Silverstone FIA GT1 Under A Hexis

4 Mins read

After a GT3 race which saw them fail to score a point in their role of defending team's champions the Hexis AMR team bounced back in spectacular fashion, with a 1-2 finish in an unpredictable Qualifying Race at Silverstone.

Having started from second the no.9 car, started by Thomas Accary, held on through the opening lap, fending off a start line challenge from the lead Vitaphone Maserati MC12, the no.1 car driven by Michael Bartels. Bartels practically placed his left side wheels on the dirt that currently makes up many of Silverstone's unkempt run-off areas as he looked down the outside on the rolling start before making ducking back in (and onto the track) on the run down to the first corner.

Not so lucky was the other Vitaphone entry, Miguel Ramos forced into evasive action to avoid a spinning Triple H Racing MC12 at Copse, an incident in which the no.8 Young Driver AMR entry picked up a left-rear puncture, the tyre parting company with the car on the Hanger Straight on the first lap, leaving driver Christoffer Nygaard to limp back to the pits.

Their teammates were picking up in the race where the left off in the final part of qualifying, leaping into a 1.6 second lead over Accary, Bartels and the duo of Sumo Power GT Nissans, Peter Dumbreck remaining seemingly glued to the rear bumper of the black and turquoise car ahead through much of the first half of the race.

That lead looked destined only to expand, breaching four seconds after just as many laps as Accary, in his first GT1 start began to gather a train of followers, second through eleventh position following each other closely, whilst battling between themselves – the no.24 Reiter Lamborghini the biggest loser, dropping two places to the back of the train as the found themselves passed by first the no.14 Phoenix/Carsport Corvette then the no.40 Marc VDS Ford GT within half a lap.

It was to be an eventful race for car, shared by German Christopher Haase and Dutchman Peter Kox. They had already been demoted from sixth to eleventh on the grid because of cutting the (soon to very important) white line at pit entry and spent much of the race on the fringes of the top ten only to be assaulted in the closing laps by Enrique Bernoldi in the second Vitaphone car at the chicane at Vale, the Brazilian clattering into the side of the Lamboghini as he aimed for a gap that was never going to exist when he needed it, before clattering over the kerb and damaging the rear bodywork of his own car which then broke lose to become an unwelcome obstacle on the Wellington Straight on the final lap.

The chicane of Vale and Club also saw perhaps the most unwelcome contact of the race, the two Swiss Racing Team Nissan GT-Rs hitting each other, Seiji Ara spinning Karl Wendlinger in an attempt to pass him down the inside.

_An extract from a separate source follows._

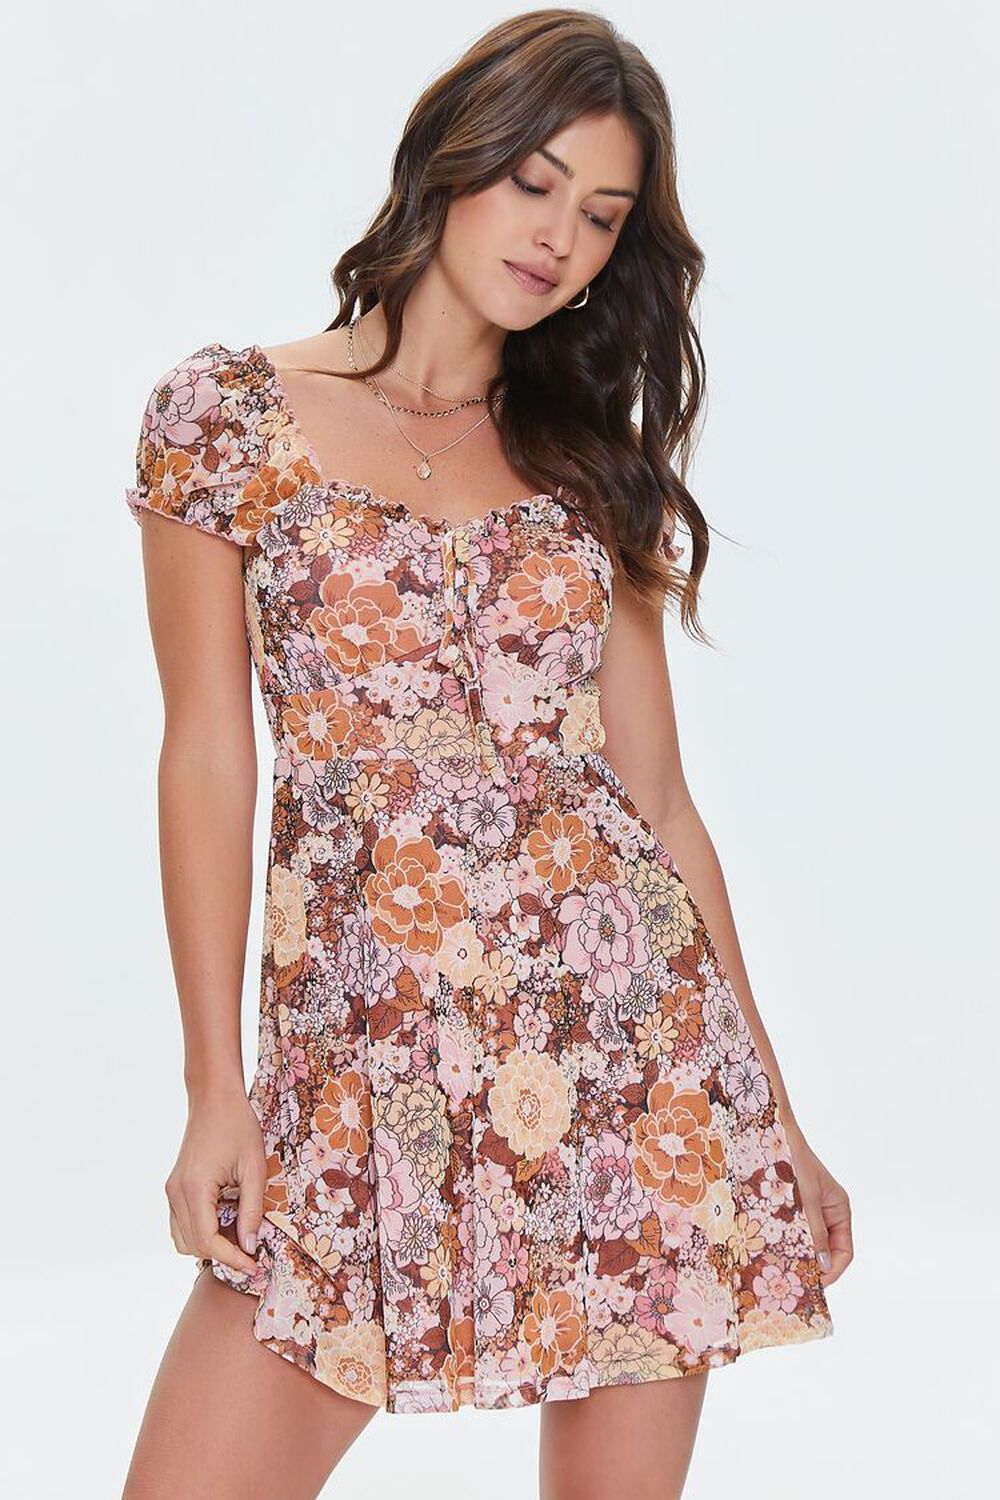 PINK/MULTI Floral Print Fit & Flare Mini Dress, image 1

However, much of the important action happened in the pitlane.

Or rather, just outside it.

Once the pit window was opened 25 minutes into the race there was the normal flurry of activity, Accary the first to stop, passing the car over to the more experienced Fred Makowiecki.

It was when Tomas Enge brought the lead car in that the shuffle began. The pitstop was fluid as ever and the car held position within the pit rotation, however, the Czech had cut the pit entry line, which seems to require a dizzyingly tight exit of Luffield, Peter Dumbreck also falling foul of the rule with his last minute dive into the pits to hand over to Michael Krumm.

With both cars effectively out of the running for race wins the main challenge to the Hexis cars was the no.1 Maserati, a challenge that was largely blunted when Andrea Bertolini lost vital seconds stalling as he got away from their compulsory pitstop.

That left the two Astons comfortably out front, Makowiecki with a six second lead over teammate Jonathan Hirschi, the pair a further three seconds ahead of Bertolini with an ever expanding gap to fourth place.

With those gaps, and points, as well as grid positions for the Championsip Race on offer, the top three settled down for the remainder of the race, the main point of interest being the blistering recovery drive by Darren Turner after a second penalty (this one a stop-go for cutting the pit entry line a second time).

First Turner passed the Sumo Power GT car of Warren Hughes, the pair driving side-by-side through Stowe, the Aston clinging onto the kerb even as every bounce of the suspension strained to pull the Turner wider. That should have given his the unfavoured outside line for the left hander at Vale , and it did, but it was no obstacle, the works Aston driver simply powering around the outside of the Nissan, the GT-Rs resurgent in their own right at the second round of the championship.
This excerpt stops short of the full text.